## Aim of the exercise
Your task is to copy each line of the records that includes the string "rossa".

══════════

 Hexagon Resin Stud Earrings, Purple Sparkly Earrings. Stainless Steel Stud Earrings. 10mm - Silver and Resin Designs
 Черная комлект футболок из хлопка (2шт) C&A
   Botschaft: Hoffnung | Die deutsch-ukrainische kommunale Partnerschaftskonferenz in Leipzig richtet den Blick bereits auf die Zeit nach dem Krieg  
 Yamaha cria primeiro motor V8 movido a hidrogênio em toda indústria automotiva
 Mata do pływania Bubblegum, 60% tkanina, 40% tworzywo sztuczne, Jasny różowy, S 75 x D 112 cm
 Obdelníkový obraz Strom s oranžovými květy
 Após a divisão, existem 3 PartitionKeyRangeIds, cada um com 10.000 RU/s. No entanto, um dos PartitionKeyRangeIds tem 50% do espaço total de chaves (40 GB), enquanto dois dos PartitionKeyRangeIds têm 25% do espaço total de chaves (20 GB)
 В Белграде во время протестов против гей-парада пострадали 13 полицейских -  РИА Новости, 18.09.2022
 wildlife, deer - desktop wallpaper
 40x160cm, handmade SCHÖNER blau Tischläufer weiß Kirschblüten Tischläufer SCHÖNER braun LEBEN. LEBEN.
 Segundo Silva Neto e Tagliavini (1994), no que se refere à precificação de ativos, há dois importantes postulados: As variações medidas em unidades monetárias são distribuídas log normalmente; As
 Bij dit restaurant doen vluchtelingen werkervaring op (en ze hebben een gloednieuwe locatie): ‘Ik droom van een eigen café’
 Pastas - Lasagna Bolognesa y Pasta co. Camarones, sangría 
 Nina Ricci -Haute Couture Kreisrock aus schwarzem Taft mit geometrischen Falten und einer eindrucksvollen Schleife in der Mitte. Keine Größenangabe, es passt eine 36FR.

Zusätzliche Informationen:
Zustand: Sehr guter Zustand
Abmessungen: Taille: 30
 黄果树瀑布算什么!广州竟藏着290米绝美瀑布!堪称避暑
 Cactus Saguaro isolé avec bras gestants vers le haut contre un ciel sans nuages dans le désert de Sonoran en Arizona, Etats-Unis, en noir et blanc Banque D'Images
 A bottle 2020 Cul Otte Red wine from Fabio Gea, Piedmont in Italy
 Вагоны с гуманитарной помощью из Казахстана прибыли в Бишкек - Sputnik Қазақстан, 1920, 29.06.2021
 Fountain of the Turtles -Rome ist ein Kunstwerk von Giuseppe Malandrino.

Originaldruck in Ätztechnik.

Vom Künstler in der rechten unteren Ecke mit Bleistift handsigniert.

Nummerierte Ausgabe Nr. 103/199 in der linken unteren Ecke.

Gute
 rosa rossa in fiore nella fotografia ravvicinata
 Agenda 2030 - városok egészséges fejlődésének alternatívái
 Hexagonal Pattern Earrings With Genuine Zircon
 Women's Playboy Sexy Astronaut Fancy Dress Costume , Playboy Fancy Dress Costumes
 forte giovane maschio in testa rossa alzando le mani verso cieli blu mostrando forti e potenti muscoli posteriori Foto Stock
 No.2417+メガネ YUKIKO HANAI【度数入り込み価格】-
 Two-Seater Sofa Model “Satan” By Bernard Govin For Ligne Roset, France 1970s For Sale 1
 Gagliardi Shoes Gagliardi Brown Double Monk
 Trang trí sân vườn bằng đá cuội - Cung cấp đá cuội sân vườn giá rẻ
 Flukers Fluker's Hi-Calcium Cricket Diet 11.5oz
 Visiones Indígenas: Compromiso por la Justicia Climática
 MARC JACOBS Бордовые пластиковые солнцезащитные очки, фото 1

══════════

## Result for this exercise
 rosa rossa in fiore nella fotografia ravvicinata
 forte giovane maschio in testa rossa alzando le mani verso cieli blu mostrando forti e potenti muscoli posteriori Foto Stock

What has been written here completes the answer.